* Exercise requirements *
Reproduce the listing below word for word, with no pictures.

* Data section *
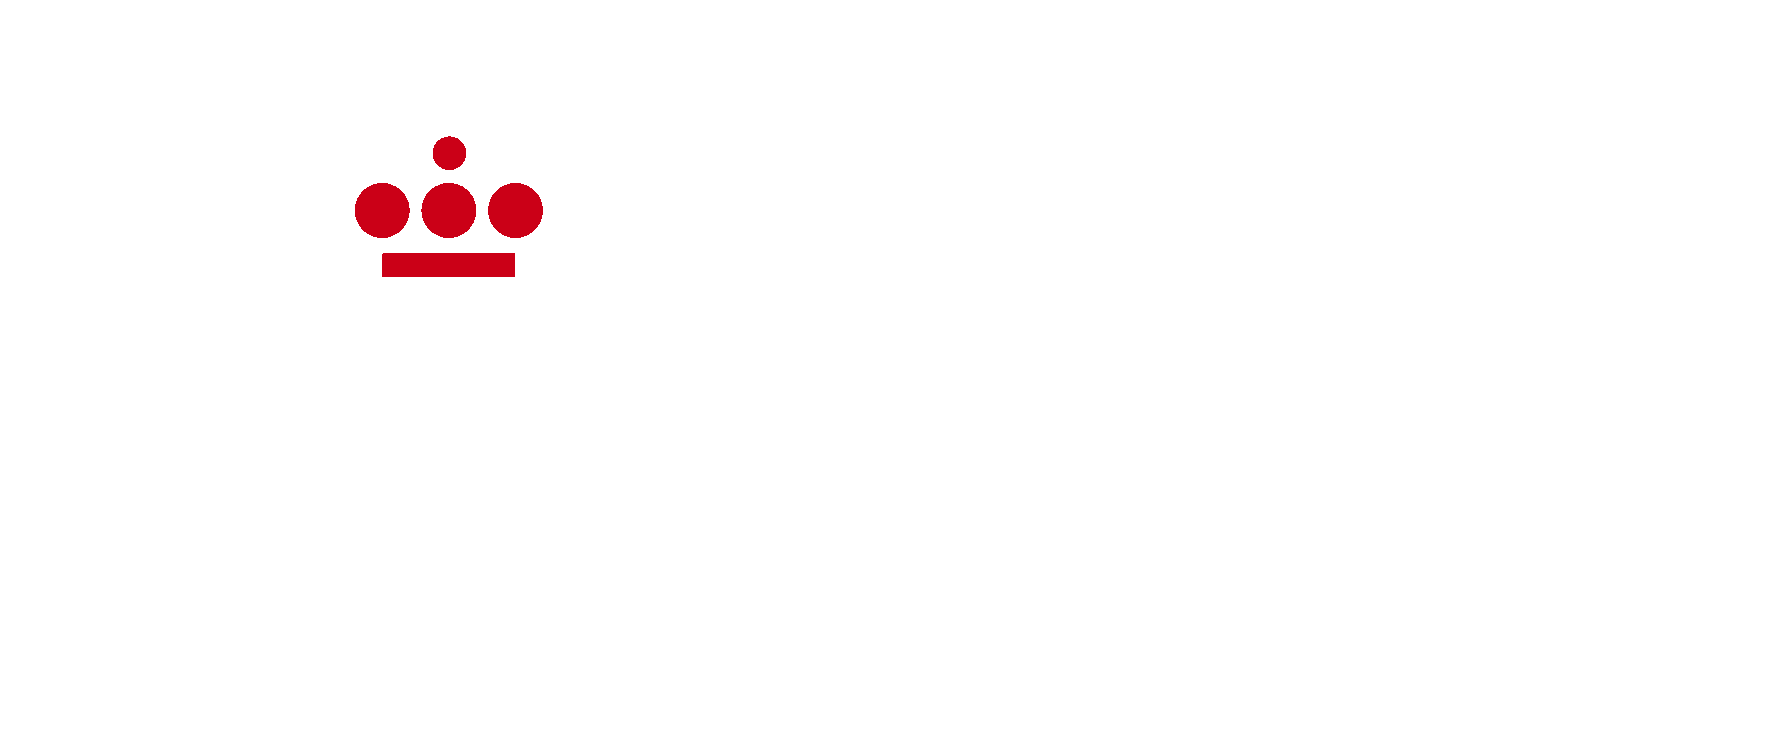 Universidad Rey Juan Carlos/>
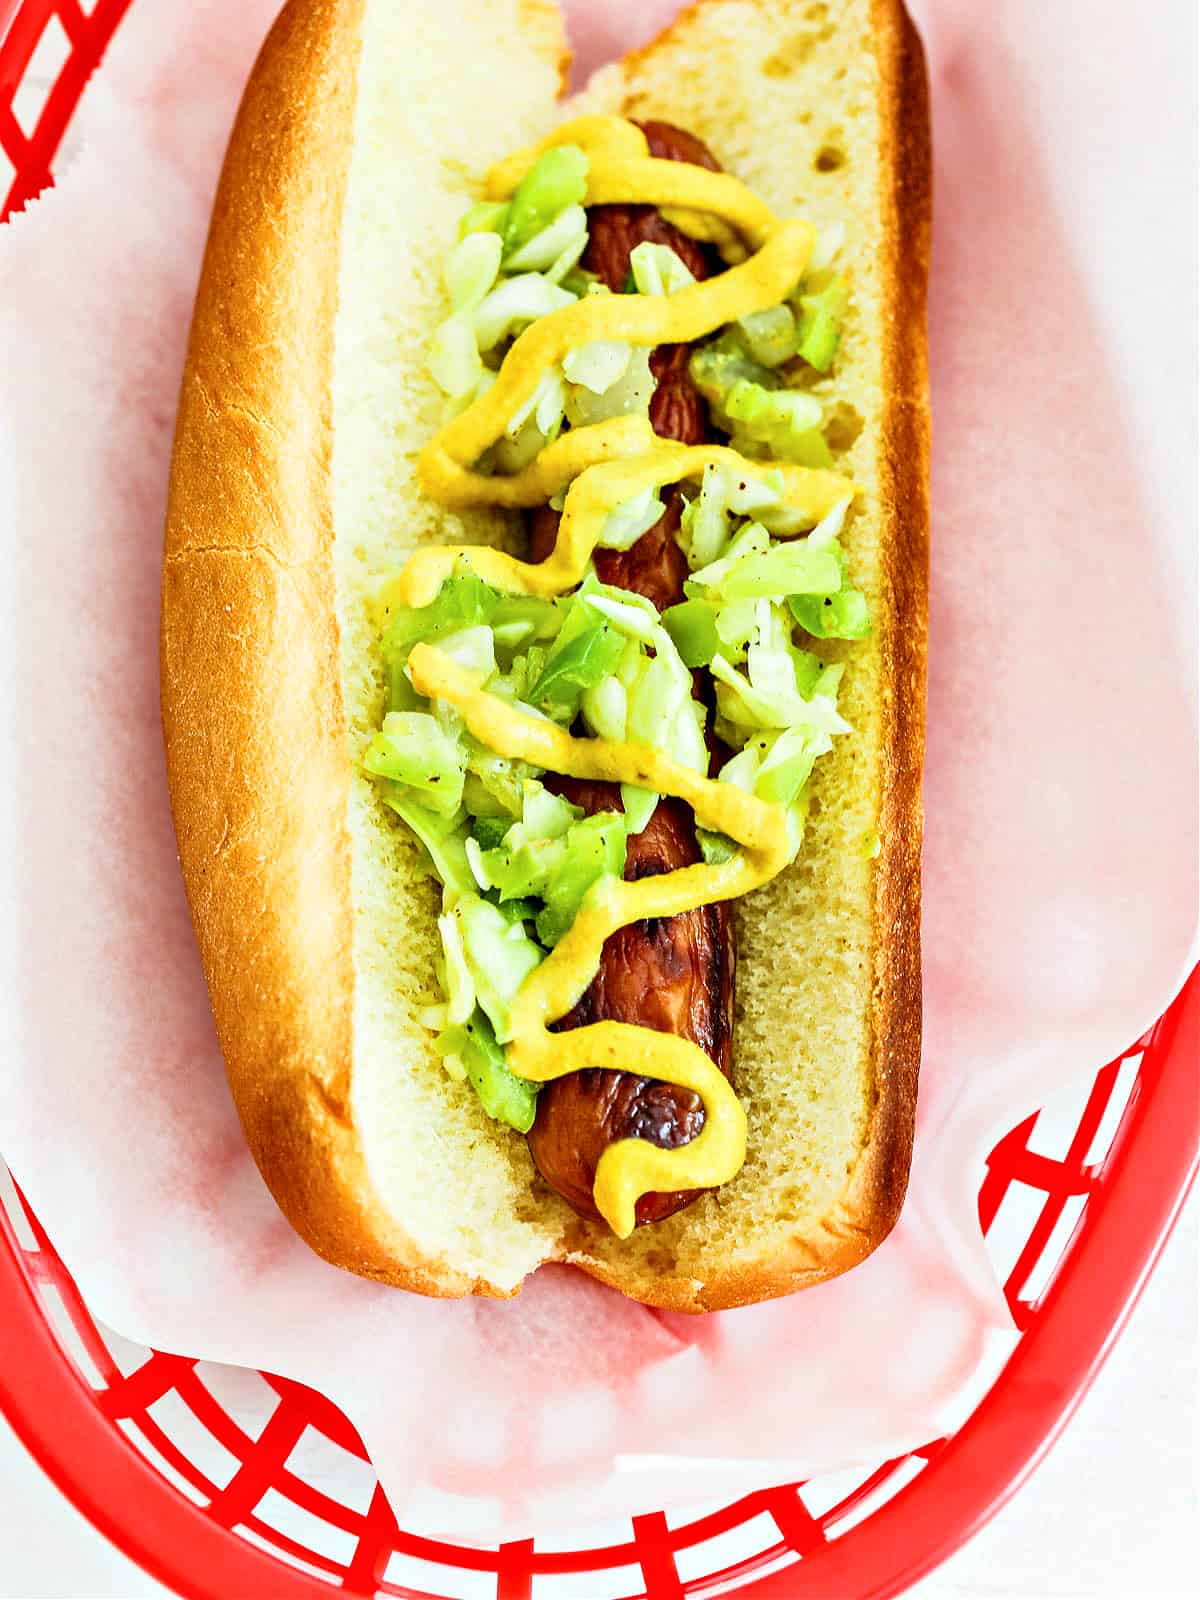 Homemade Hot Dog Relish Recipe
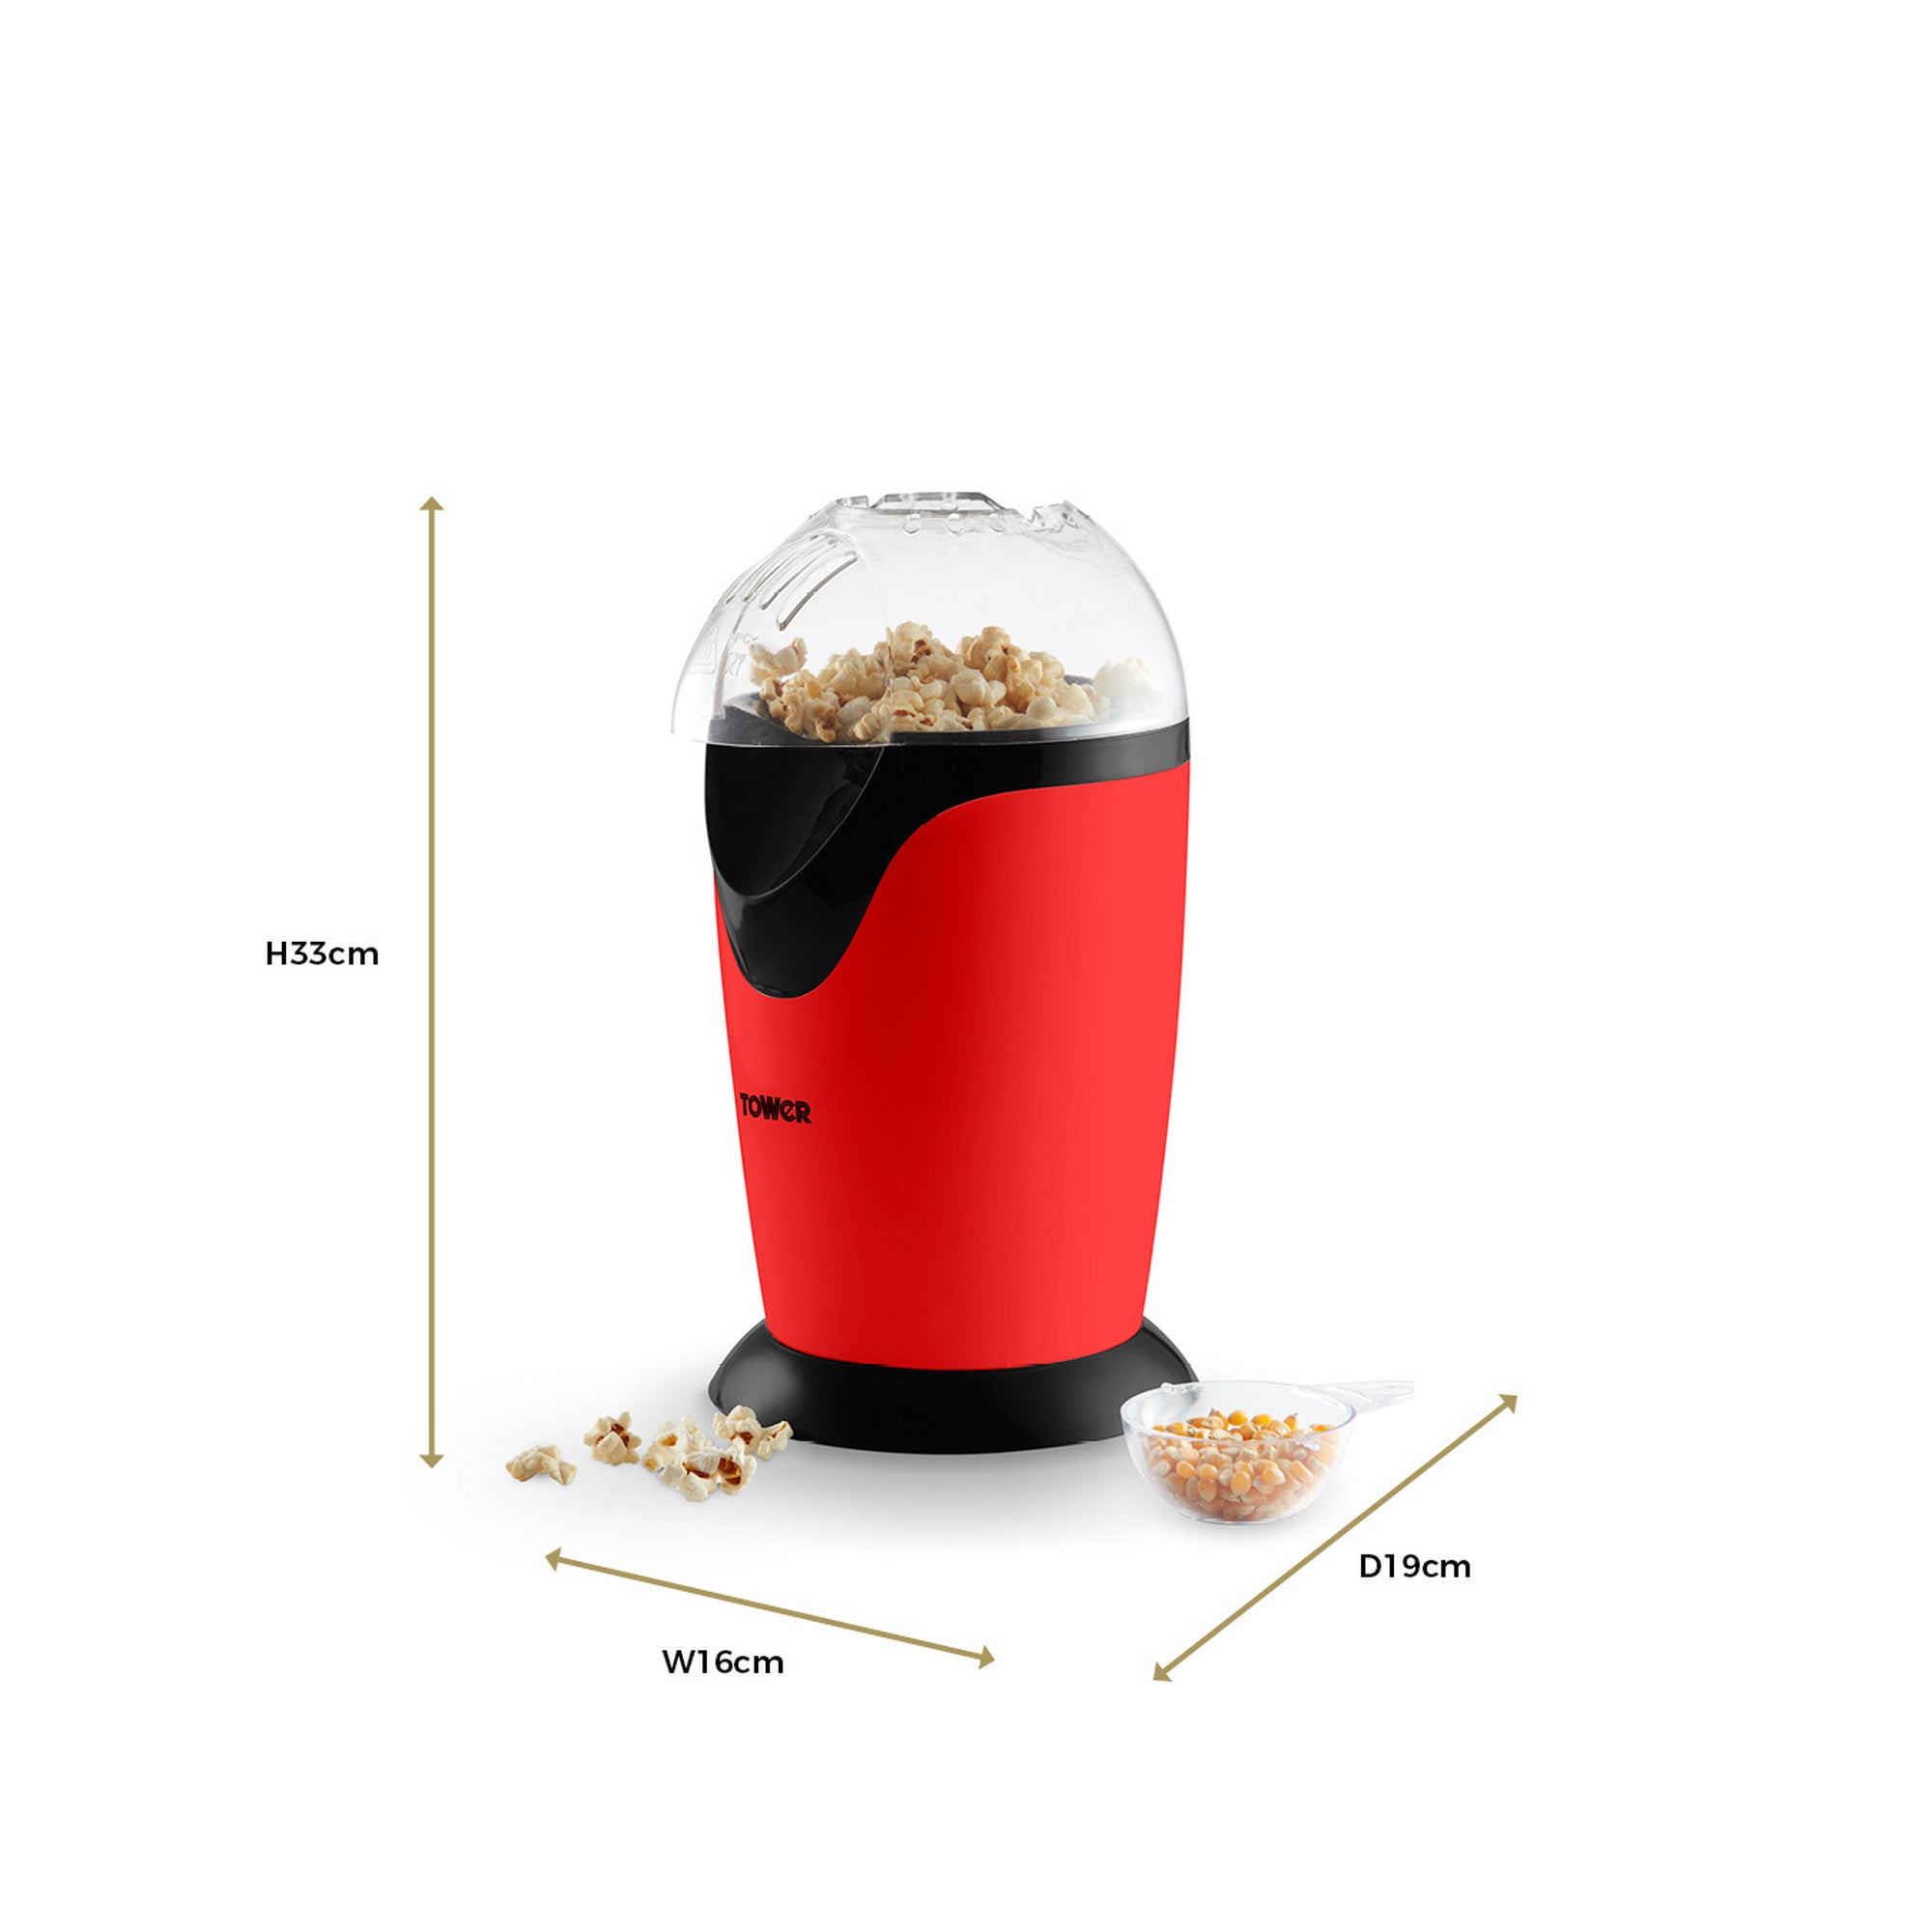 Tower 1200W Popcorn Maker Dimensions

* Written solution *
 Universidad Rey Juan Carlos/>
 Homemade Hot Dog Relish Recipe
 Tower 1200W Popcorn Maker Dimensions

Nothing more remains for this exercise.